The filing describes Auto Callable Contingent Interest Notes issued by JPMorgan Chase Financial Company LLC and guaranteed by JPMorgan Chase & Co. These structured notes are linked to the Class A common stock of Vertiv Holdings Co, have a scheduled maturity on June 17, 2027, are issued in $1,000 denominations, and total $250,000 in aggregate principal.
How do the contingent interest payments on the Vertiv-linked AMJB notes work?
The notes offer a 16.75% per annum Contingent Interest Rate, paying $13.9583 per $1,000 each month if Vertiv’s closing share price on the relevant review date is at or above the Interest Barrier of 60% of the initial value ($96.762). If that condition is not met, no coupon is paid for that month, but unpaid coupons can be paid later if a future review date closes at or above the barrier.
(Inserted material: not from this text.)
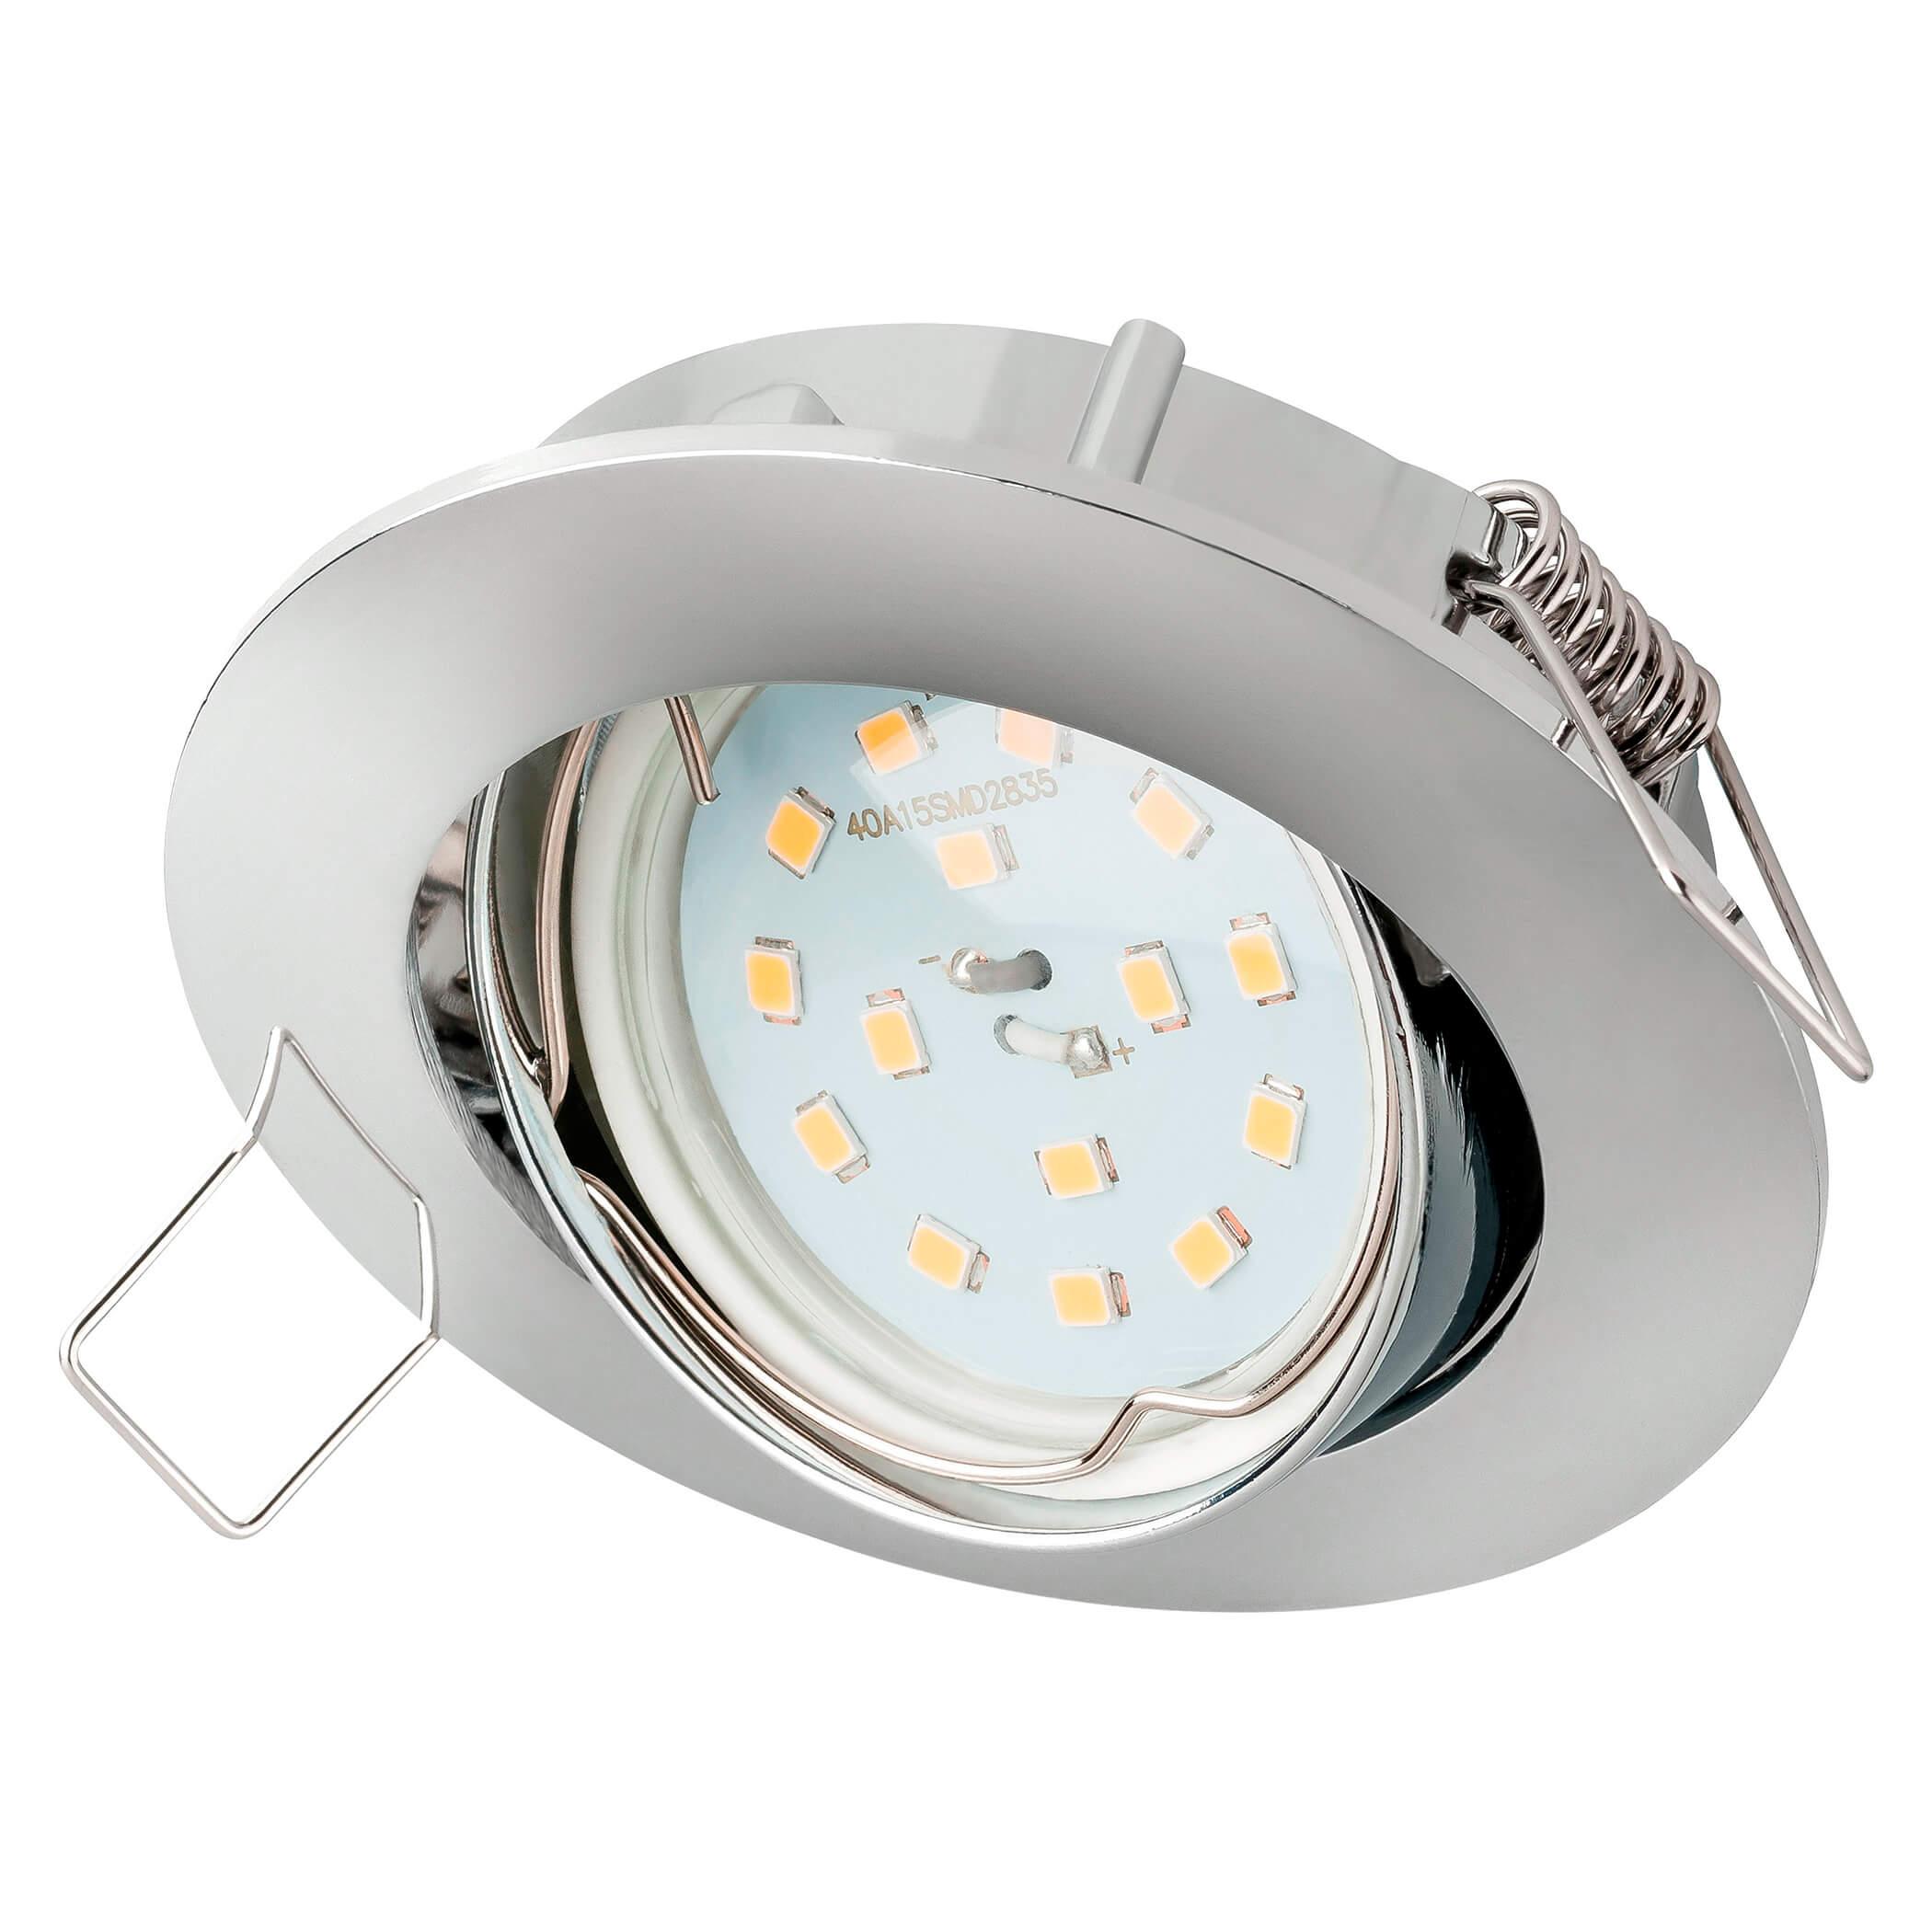 Einbaustrahler mit LED Modul Typ 12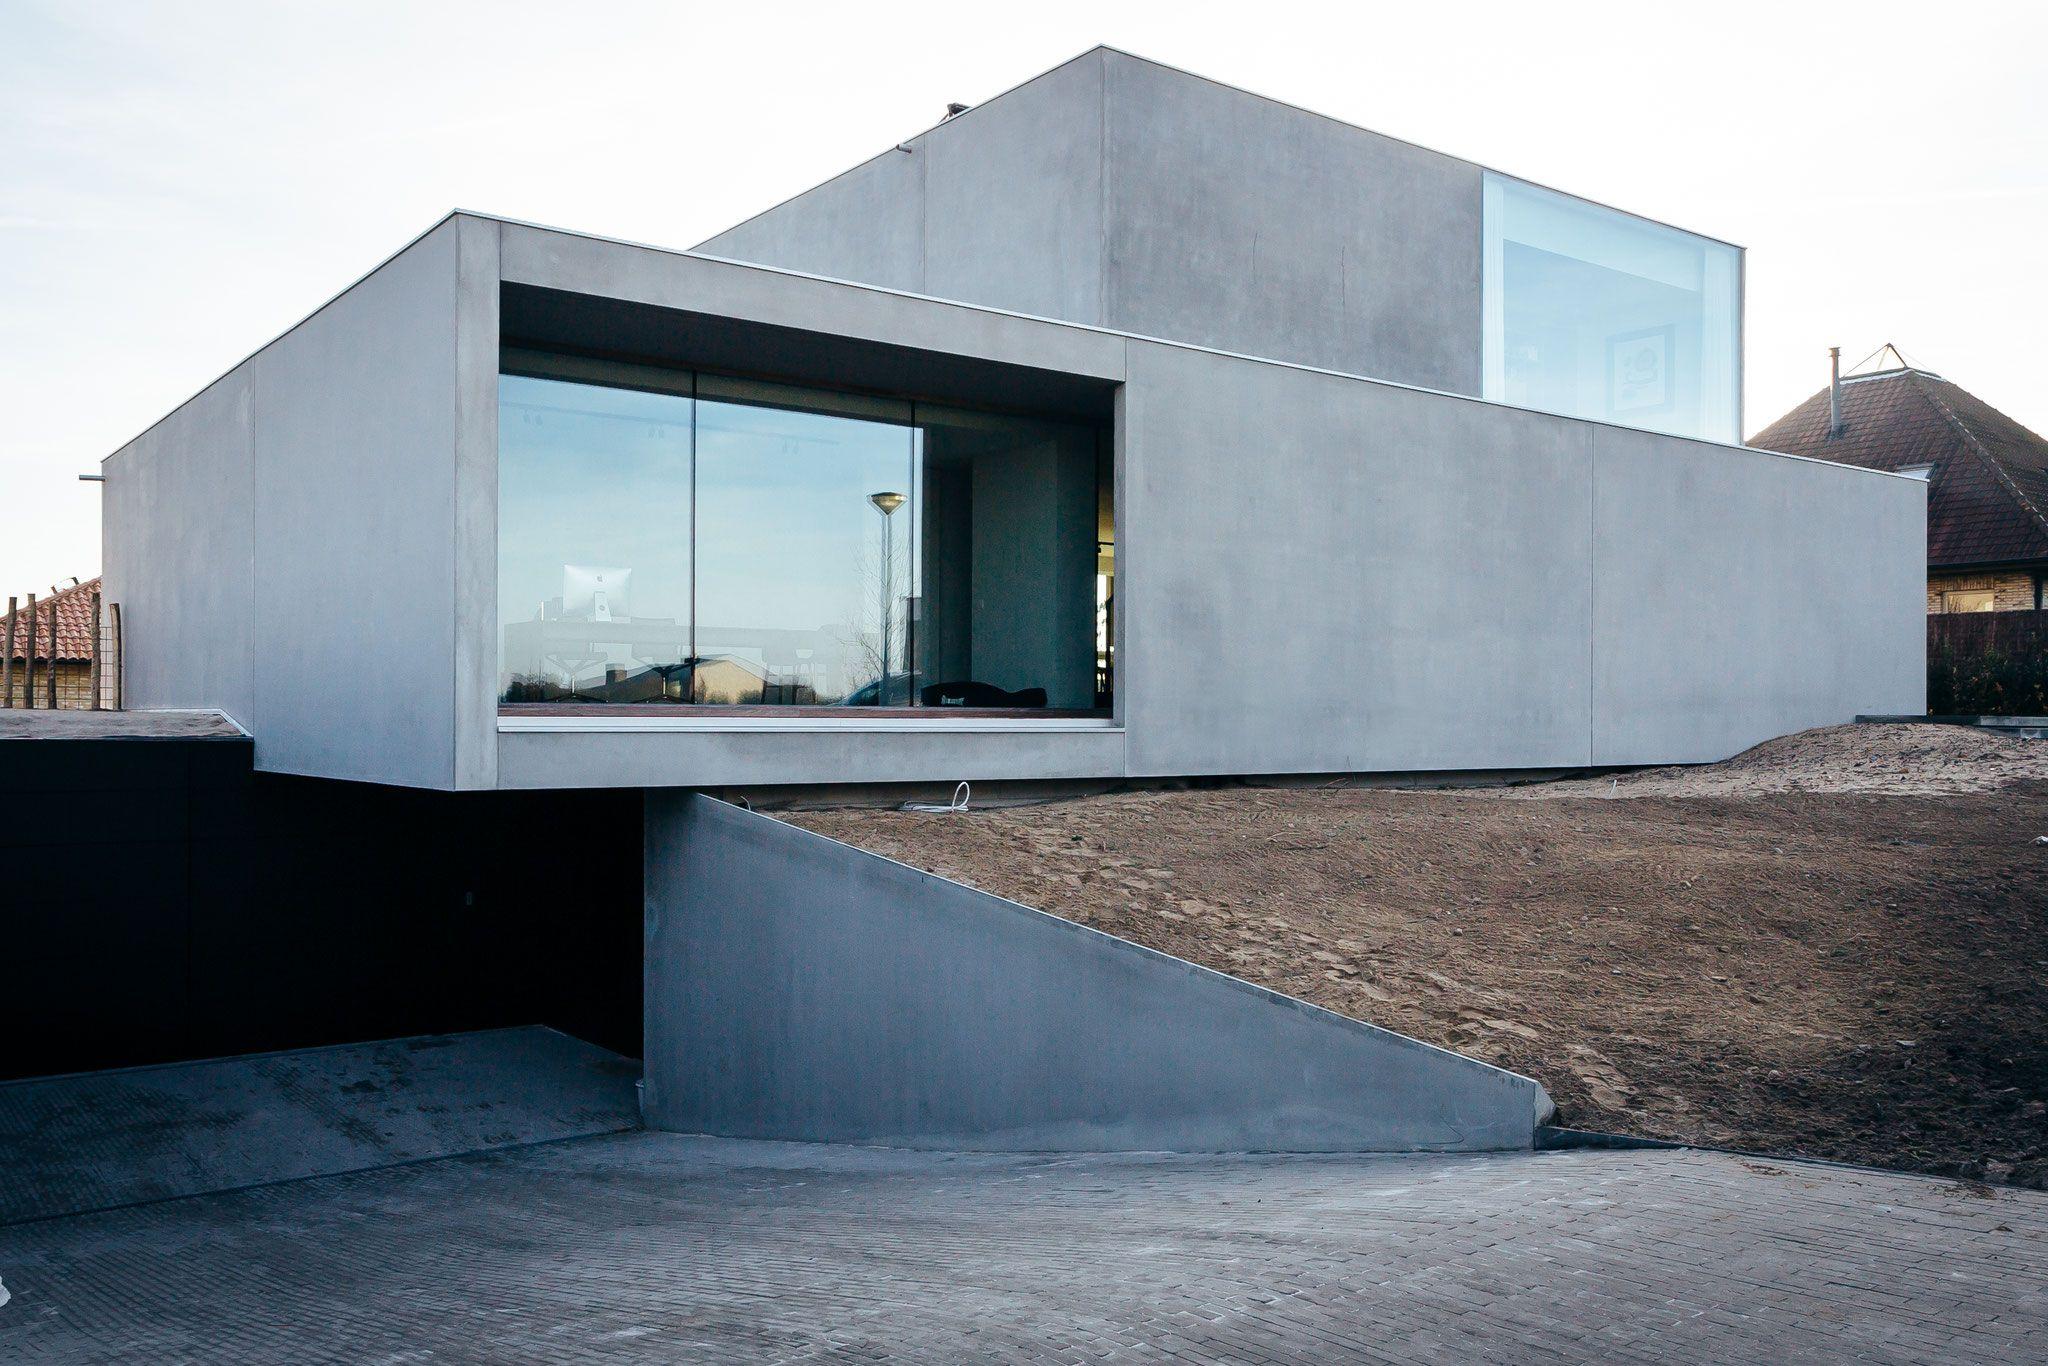 Beton Garage Prefab : Snel huizen bouw modulair bouwen prefab beton huizen huizen in

When can the JPMorgan Chase Financial Vertiv notes be automatically called?
The notes are automatically called on any review date other than the first, second and final ones if Vertiv’s closing share price is at least the Initial Value of $161.27. The earliest possible automatic call date is based on the March 12, 2026 review date. Upon an automatic call, holders receive $1,000 per note plus the applicable contingent interest and any previously unpaid contingent interest, and no further payments are made.
How can investors in the Vertiv-linked AMJB notes lose principal at maturity?
If the notes are not called and the Final Value of Vertiv stock on the June 14, 2027 review date is below the Trigger Value of 50% of the initial value ($80.635), the maturity payment per $1,000 note is calculated as $1,000 + ($1,000 × Stock Return). This means losses match the percentage decline in Vertiv from the initial value, so holders can lose more than 50% and up to all of their principal.
What key risks are highlighted for holders of JPMorgan Chase Financial (AMJB) Vertiv notes?
Key risks include no guarantee of interest, potential loss of a significant portion or all principal if Vertiv falls below the Trigger Value, and the credit risk of both JPMorgan Chase Financial and JPMorgan Chase & Co. The notes are unsecured, not FDIC insured, not listed on any exchange, and their estimated value at pricing ($946 per $1,000) is lower than the issue price due to embedded fees and hedging costs.
What tax treatment does the filing describe for the Vertiv-linked notes?
The issuer intends to treat the notes for U.S. federal income tax purposes as prepaid forward contracts with associated contingent coupons, with Contingent Interest Payments taxed as ordinary income, based on advice from special tax counsel. For Non-U.S. Holders, a 30% withholding on contingent interest is expected absent a treaty reduction, and the filing discusses potential implications of Section 871(m), noting that counsel believes it should not apply to these notes.